And bright. Why do they make them this bright? Like that blast of hot air when you go into malls. Adjust. Always adjust and adapt. Christmastime window-shopping. Look up and the whole world’s gone darker than dark. 9 to 5. October. Get to work while it’s still dark. Get out after sundown. Could never do it. Never say never, except for the letting know of anyone. Boy is that ever in there, surfacing all the time. Must be all the focusing I’m doing. Other-end-of-the-line was right, is right, it’s been a while. Like riding a bike. Why all these stupidly sentimental flashbacks then? Adjust. Eyes are fine. This isn’t that bad, must have been looking straight at the light. Good thing I didn’t sneeze. Big lungs make a lot of noise. Used to be praised for my adaptability. No matter what they threw at me. Younger. Had to make some comment, idiot that I was. Turned that smile upside down. Destroyed the mood. Younger. Smarter now? Is this the last time? I’ve been asking that since the first one. Stupid question. Should be up to me, but, only human, all the same, always. You mean you couldn’t?, I said. Idiot. LV. Don’t want to go through the list now. Need to save it. Gold and red. Oak? Think it must be. Nice chairs. Couches. Tables. Smells good. Clean but not clinically. Human. Humane? That’s what they call a mezzanine. I think, architecture’s a mystery to me. All those boxes filled with all that stuff, all those people. Designers did good work here. No gaudy statues or anything. Quick check. Not exactly crowded in here. Slow evening maybe. Someone wants to come in. I’d better move a bit.
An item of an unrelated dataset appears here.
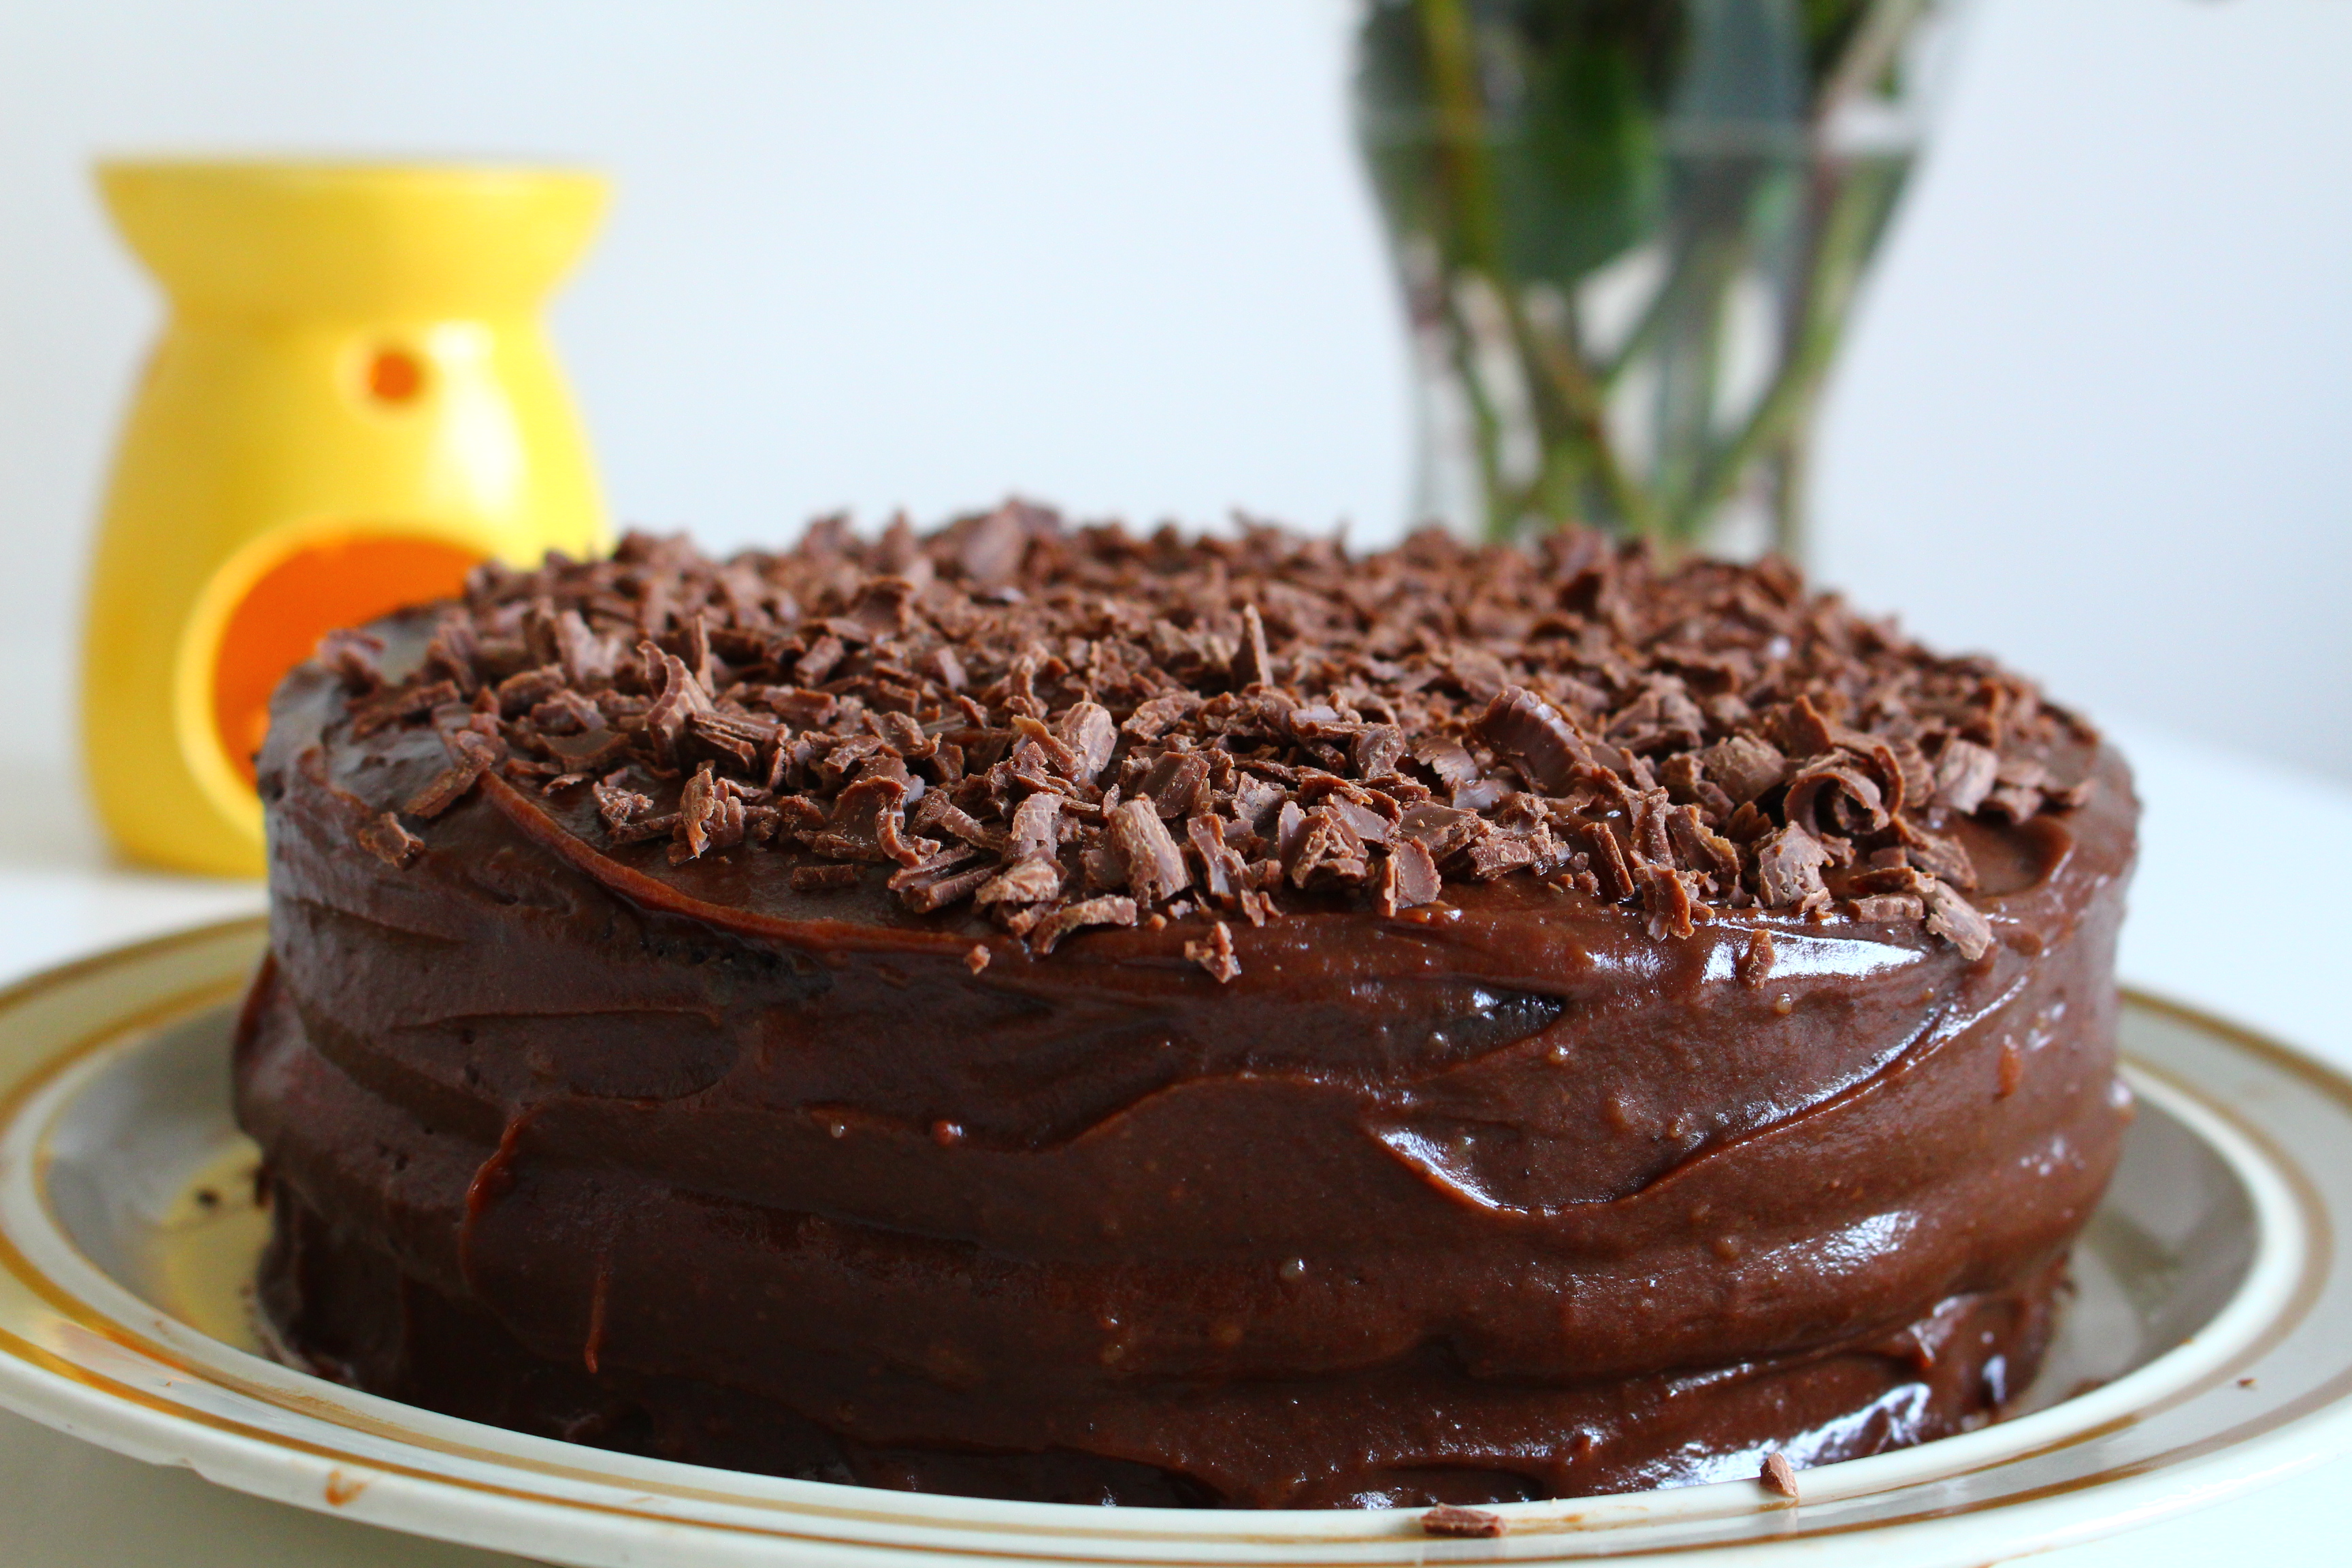 Chocolate Fudge Cake is ready to be served

DeskKeysYouth. Is that a he or a she? Column. Must be a good job right now. Hardly anything to do. Minimum wage. When it rains we all get wet. When it rains on the rich the poor get a little fog. Or foggy words. Not one to talk. Youth is keymaster. Responsibility. Does Youth even care? Perhaps responsibility remains unregistered to make it easier to cope. Big responsibility. Lots of keys. Open lots of doors with lots of rich things behind. We’ve all got to start somewhere. I was damn good when I was his/hers/whatever’s age. Credit cards, paperclips, brute force. Only took stuff. Things. Items. Possessions. Wall-crawler. Freshman friends. I paid for that trip, every last thing. Small shiny objects command quite a bit of not only attention but also financial clout. Why the past? Just a lobby. Just a key handler. Uniform. Less so than TopHat. Still obvious. Red and gold. It’s a girl. Probably packing mace. Trying to make her German mate with their English. Only bastards coming out of it so far. New Latin. Hard being a former empire. Must be. Time they realized it, got to fitting in. Synchronizing, what’s that about? Direct show of weakness. Admittance. We don’t know, we don’t educate well enough. I’ve tried filling out one of those job applications, her German ought to be better too. Used to be strict about that. Manager must be off duty.


GermanCouple. Or maybe they just don’t care. Acceptance. They look rich. Well, the opulence of this place has been pretty well established by now. Rich attracts rich. Move in different spheres. They’ll see a far different country than their poorer tourist counterparts. Not that it will be any less authentic. Just different. Lisbon, Elton always complaining about the motel. There was nothing wrong with that motel. Even had breakfast included. Continental. Buns, butter and jam. An egg or two. Most important meal of the day. Start off right. ‘Course Elton never did eat any breakfast. Got up too early. We all do what we do best. Librarian, yes sir, over there sir, no I don’t know why Dewey made it that way sir, yes, let’s. He died. Didn’t slip. He never cared about the rain. Used to laugh at my asphalt observations. It’s just the light breaking. Soft. But there was no east. Streetlamps, alleys, soaked. Poor Elton. Left. Wonder what he’s doing now. You never know. He wanted out. Dry jokes. Gallows. Good for getting through things. Germans. Zhose who claim zat chermans haf no sens of humor vill be taken out back und chot! Stereotypes. So easy. So... start any good wars lately?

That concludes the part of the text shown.